- Umfang der Zone eingrenzen
- Passendes Verfahren genau festlegen
- Zerstörungsarmes Vorgehen beachten
- Zugang und Ablauf abstimmen
Verdeckte Lecks orten in Edling
Der Untergrund rund um Edling besteht überwiegend aus Jungmoräne; die nächste Grundwasser-Messstelle liegt rund 4.4 km entfernt – das beeinflusst, wie sich Leckwasser ausbreitet und wo die Leckortung ansetzt.
Betroffene Räume, sichtbare Feuchtezonen und erste Bilder helfen, den Prüfbereich früh einzugrenzen. Wenn Sie eine Leckortung Edling einplanen, erleichtern diese Angaben die erste Einordnung.

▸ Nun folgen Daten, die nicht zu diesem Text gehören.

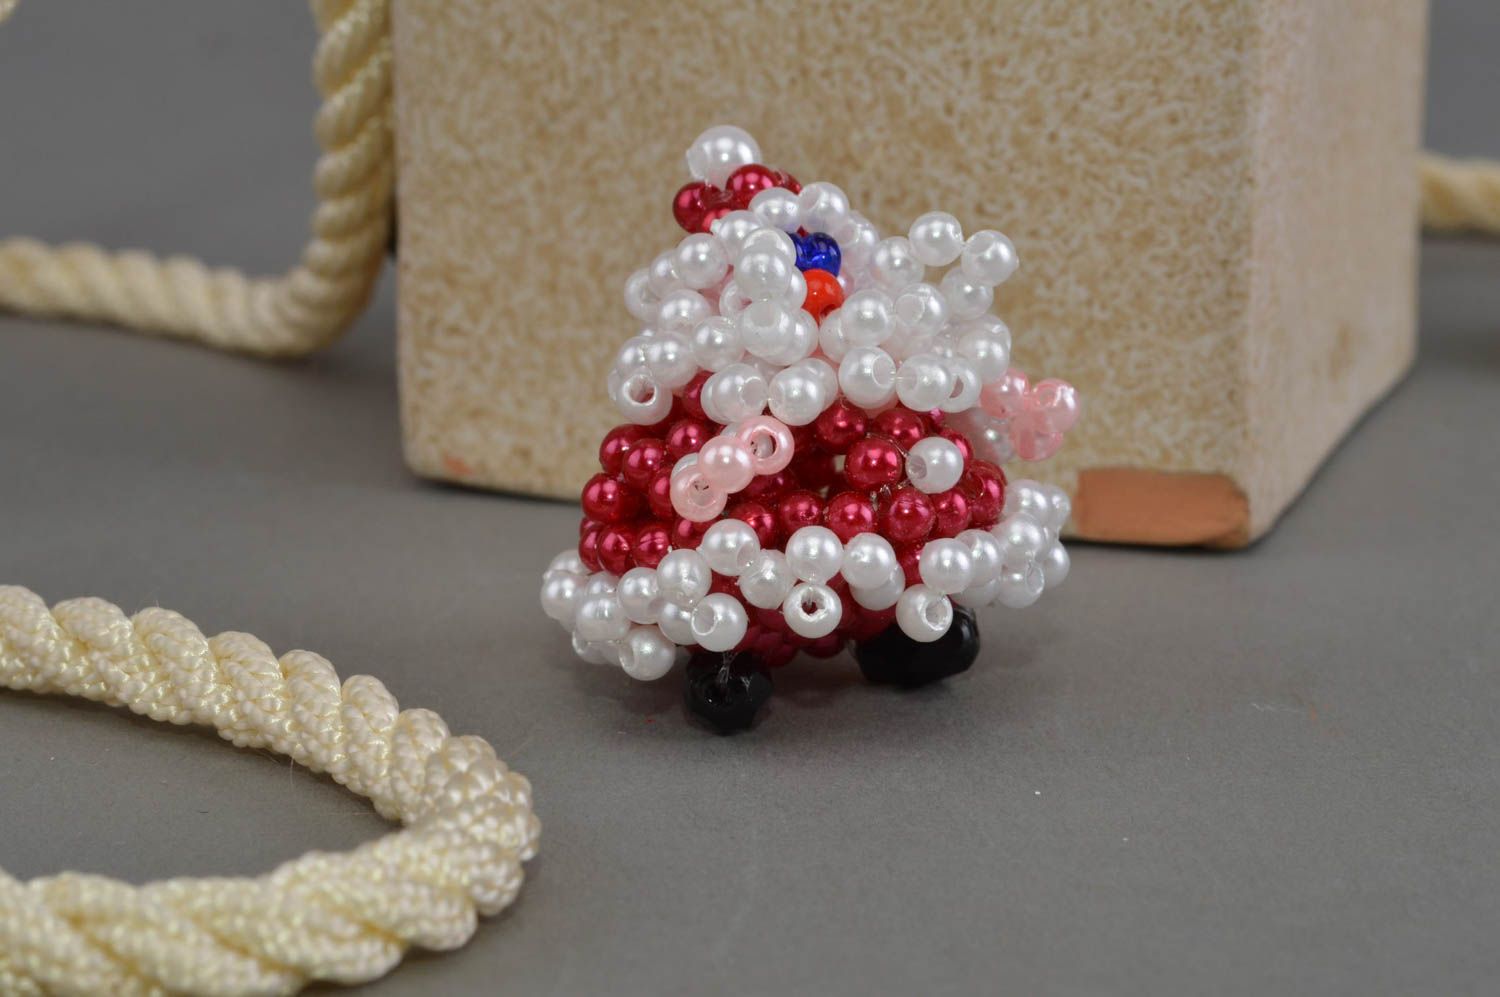 Бисерная фигурка Санта-Клауса ручной работы маленькая для новогоднего декора фото 1

Gezielt eingrenzen statt aufstemmen
Der 1926 errichtete Edlinger Wasserturm ist als denkmalgeschütztes Infrastrukturbauwerk ein Objekt für Leckortung und Instandhaltung. Zu den Nachbarorten zählen Pfaffing, Ramerberg und Wasserburg am Inn.
Für eine erste Planung sind Messpunkte, Zugänge und der Aufbau von Wand- oder Bodenflächen wichtig. Relevant ist, welche Bereiche tatsächlich betroffen sind, wie die Leitungsführung ungefähr verläuft und ob Messstellen über Revisionsöffnungen, Versorgungsschächte, Verteiler oder Anschlussbereiche erreichbar sind. Ebenso beeinflussen Verkleidungen, Bodenaufbau und Übergänge zwischen Räumen, wie der Messbereich festgelegt wird. Sinnvoll ist auch die Abstimmung, ob Wasser zeitweise abgestellt werden muss, welche Schutzmaßnahmen in Arbeitszonen nötig sind und wo Laufwege sowie Abstellflächen möglich bleiben. So lässt sich der Ablauf sachlich vorbereiten, ohne den tatsächlichen Befund vorwegzunehmen.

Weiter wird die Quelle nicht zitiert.